IMHO it's best to show the judges your strongest stuff, and let them take away what they will from it, rather than trying to screw around in a totally alien style. And what is the BS about not being prepared? If you want to be a professional dancer, you should have some audition stuff in your pocket ready to pull out at a moment's notice. Even if you haven't had time to freshen it up before that particular audition, your dance teacher should be able to help you prepare something.


----------



## Kamakzie (Jan 8, 2004)

These cute blond girls kind of look a like sometimes.. did the one whose Mother kicked her out make it to Vegas?


----------



## bareyb (Dec 1, 2000)

murgatroyd said:


> I haven't watched the kind of performance that the hoop guy did very much, but since I've seen other stuff with apparatus, IMHO I think I could have given much better notes than any of the judges there.
> 
> I would have prefaced it by saying, "I've never seen what you do before, so take this as a reaction from a green member of the audience rather than as notes from a judge, but this is what I saw in your performance." The control of the hoop, the light and shade in the performance, the musicality -- pretty damned impressive.
> 
> ...


I saw that Hoop routine at the first showing of Cirque du Soleil we ever saw. It was back in the days when there was only _one_ touring Troupe and they were the best of the best. Not diluted down like it is today. It literally brought tears to my eyes it was so beautiful.


----------



## Regina (Mar 30, 2003)

Kamakzie said:


> These cute blond girls kind of look a like sometimes.. did the one whose Mother kicked her out make it to Vegas?

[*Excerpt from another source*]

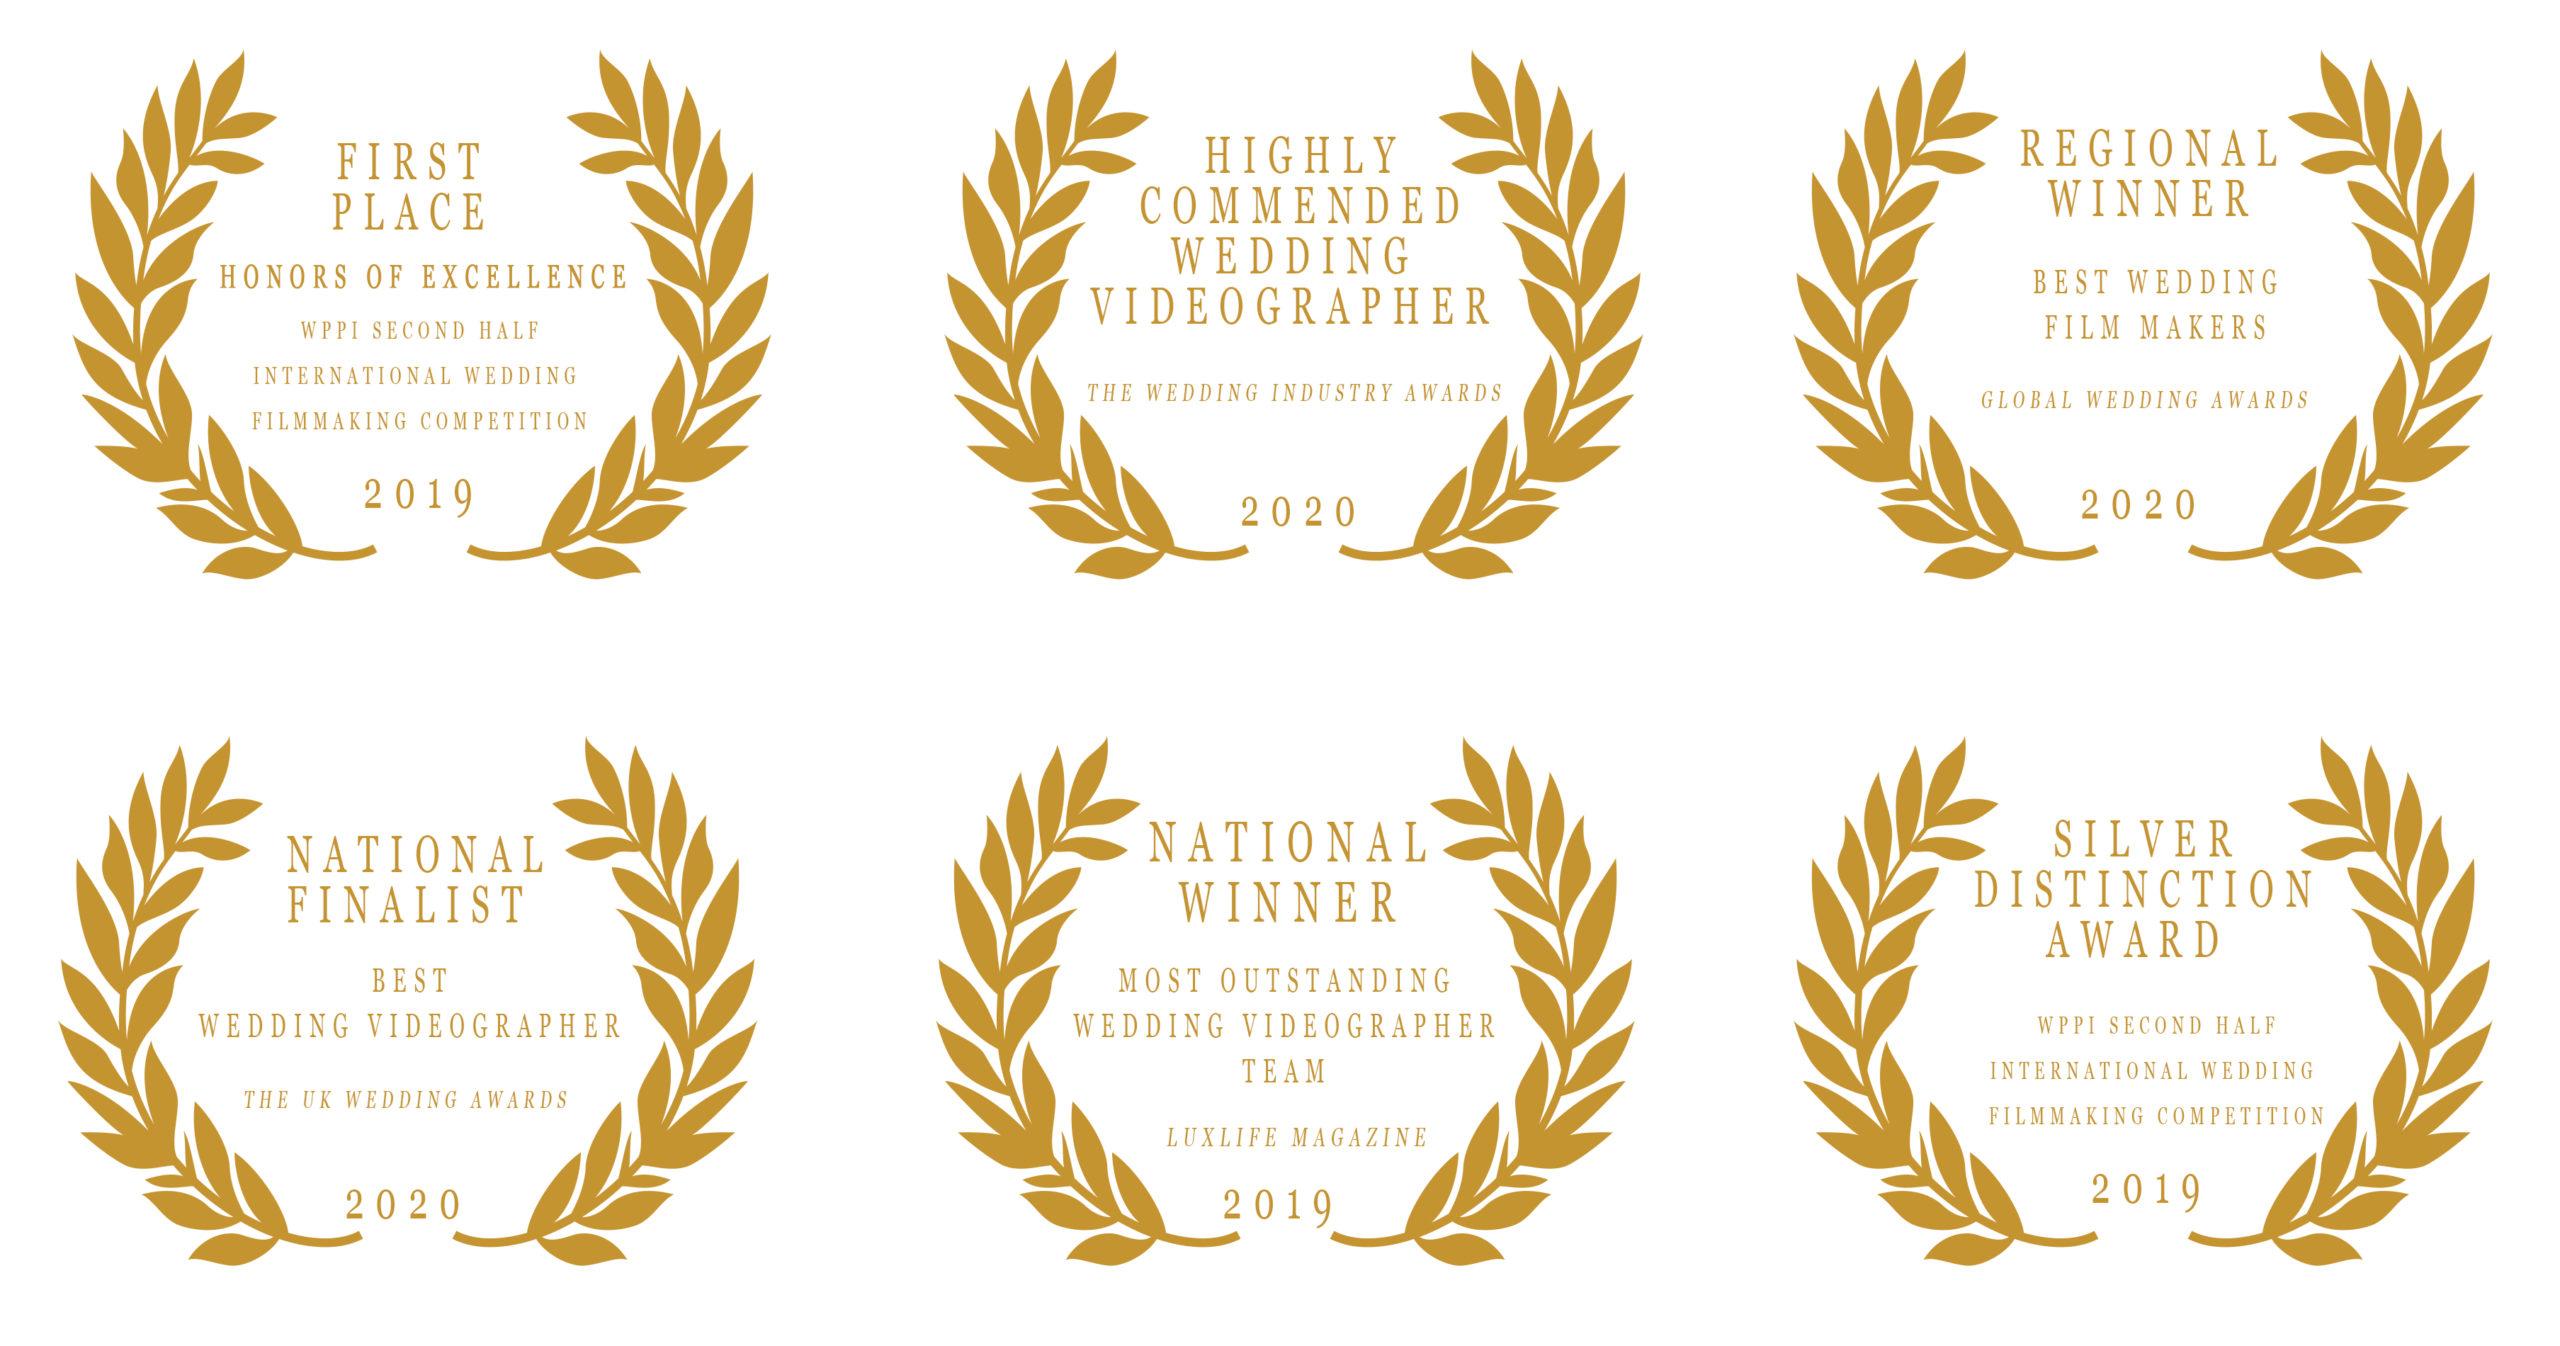 Award winning wedding films

IIRC, yes, she did...they made a point to say something about how her family didn't support her dancing... I am so happy for her..and I agree, sometimes the blond girls do all look alike..


----------



## tiams (Apr 19, 2004)

Regina said:


> IIRC, yes, she did...they made a point to say something about how her family didn't support her dancing... I am so happy for her..and I agree, sometimes the blond girls do all look alike..


I would like to hear the mother's side of that story. I was shocked at first because I thought she was about 15 or 16, but then they said she was 18.


----------



## classicX (May 10, 2006)

tiams said:


> I would like to hear the mother's side of that story. I was shocked at first because I thought she was about 15 or 16, but then they said she was 18.

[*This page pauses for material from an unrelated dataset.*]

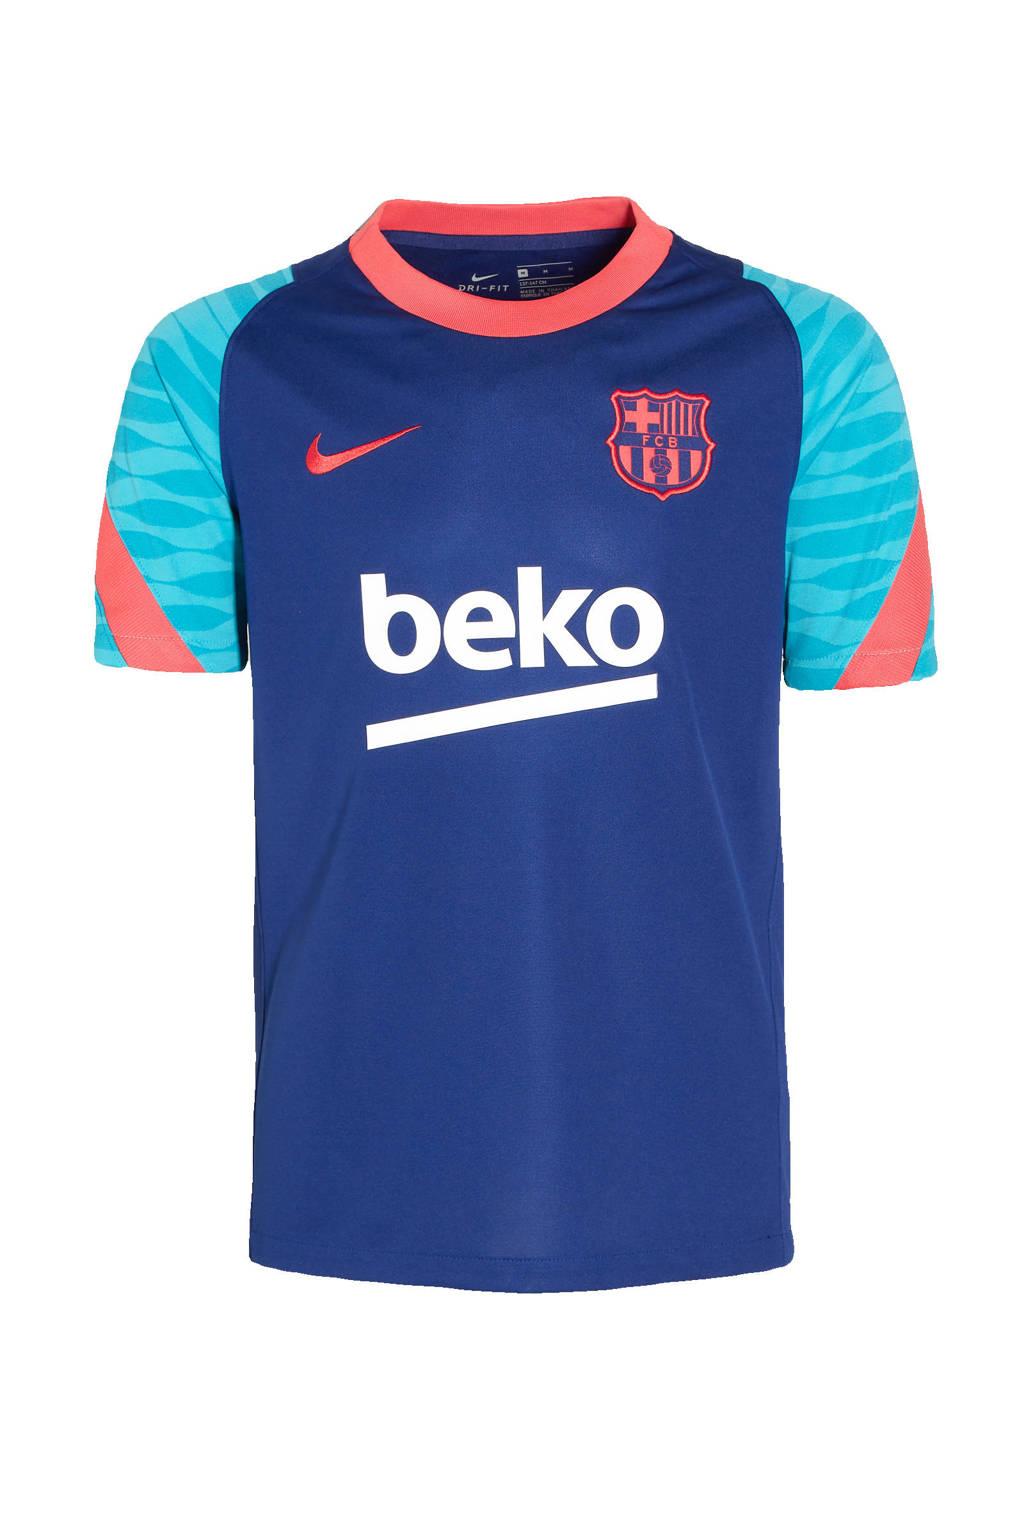 Nike Junior  voetbalshirt kobaltblauw/rood, Kobaltblauw/rood

There are two sides to every story. My wife and I came to the conclusion that it is likely a disagreement in lifestyle, which would explain her reticence when discussing it.

The ninja twins not wanting to explain why he got fired . . . makes me not want to go to that restaurant.


----------



## verdugan (Sep 9, 2003)

Kamakzie said:


> These cute blond girls kind of look a like sometimes.. did the one whose Mother kicked her out make it to Vegas?

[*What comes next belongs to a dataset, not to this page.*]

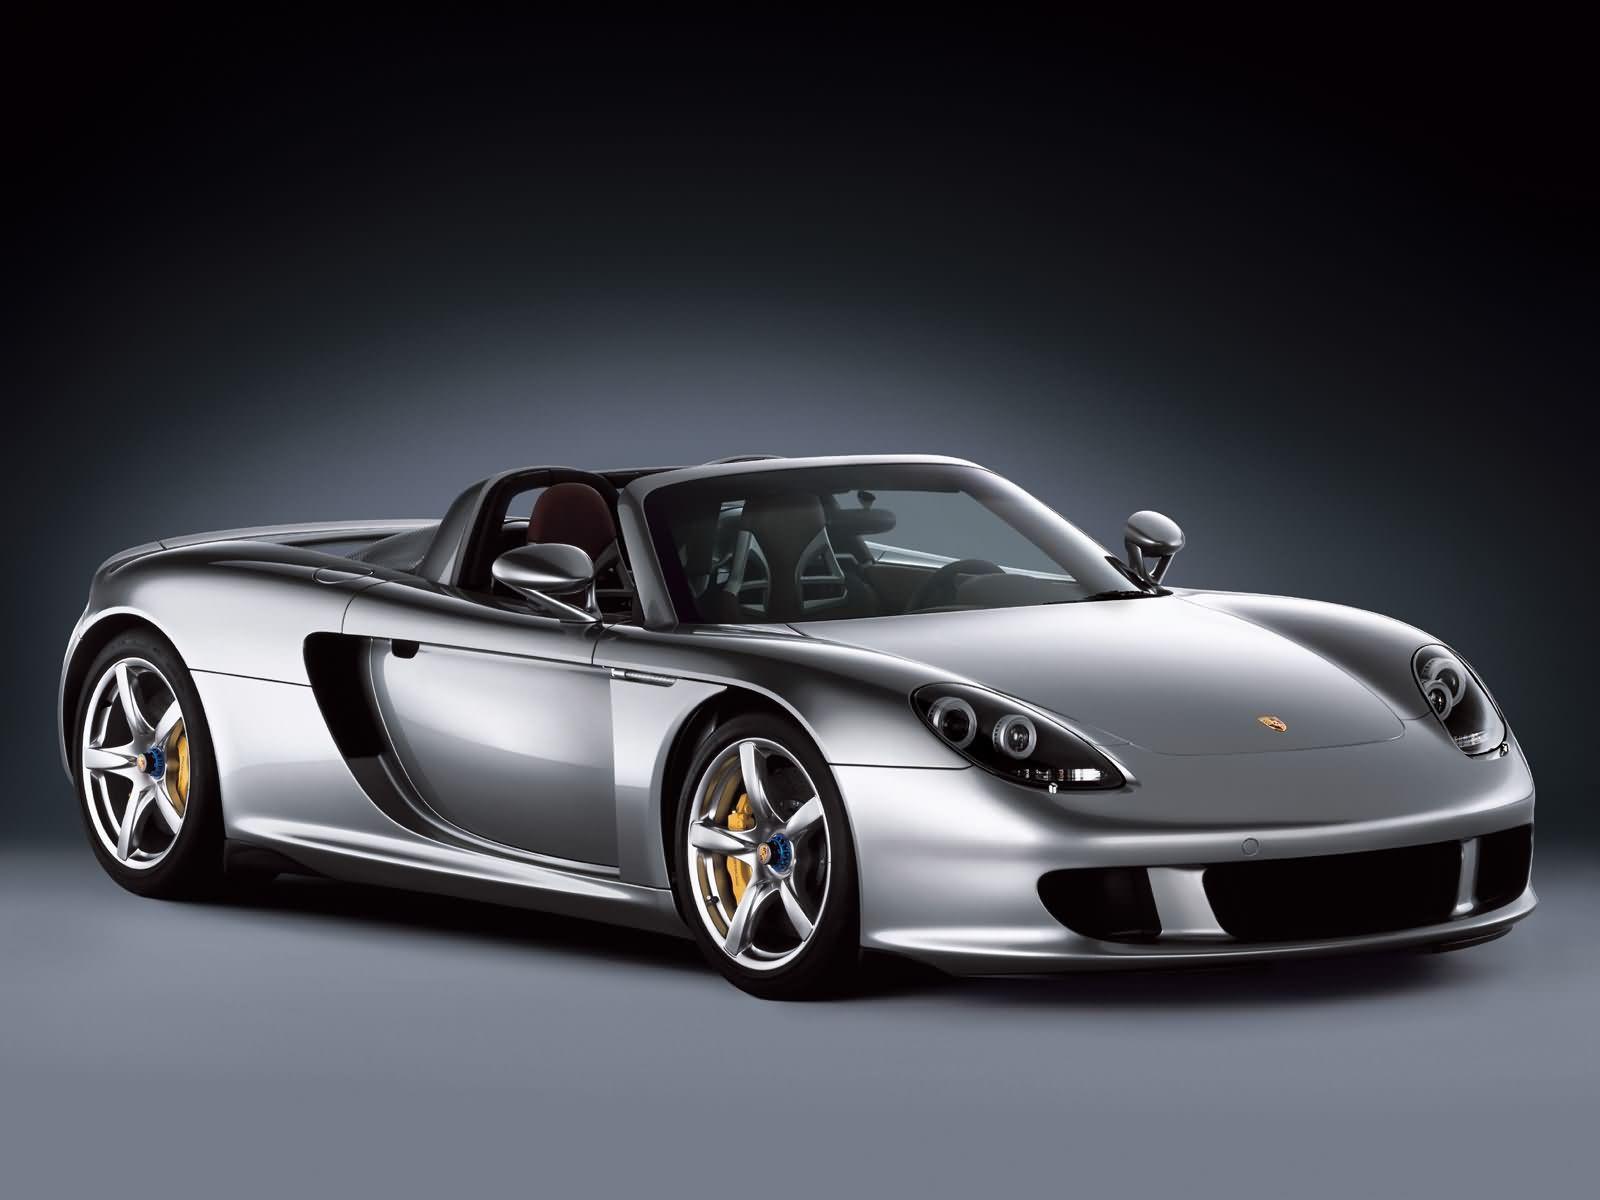 a867180983728f2838a40b3cf9c040b4 Interesting Hinh Anh Xe Porsche 918 Spyder Cars Trend

No. She didn't make it past choreography. They told her she wasn't strong enough, but maybe next year.


----------



## Kamakzie (Jan 8, 2004)

verdugan said:


> No. She didn't make it past choreography. They told her she wasn't strong enough, but maybe next year.


Thanks, I wasn't sure because one blonde girl got in and one didn't. They looked somewhat similar.


----------



## GoHalos (Aug 30, 2006)

tiams said:


> I would like to hear the mother's side of that story. I was shocked at first because I thought she was about 15 or 16, but then they said she was 18.


On this show, all of the dancers are 18 or older (age minimum).

I agree with bareyb in that I immediately thought the ballet guy's first audition was a setup (I even mentioned it to my wife). If it wasn't.... wow, he's pretty far out there.


----------



## Jayjoans (Jan 23, 2003)

It had to be a setup.

"do you have another song you can dance to?"

Cue music....


----------



## Cainebj (Nov 11, 2006)

TonyD79 said:


> She had thyroid cancer in 2011.


I am kind of surprised that this is the first I am hearing of it - is that the reason she was mostly absent for one season? [i can't remember if it was last one or not].


----------



## bareyb (Dec 1, 2000)

classicX said:


> There are two sides to every story. My wife and I came to the conclusion that it is likely a disagreement in lifestyle, which would explain her reticence when discussing it.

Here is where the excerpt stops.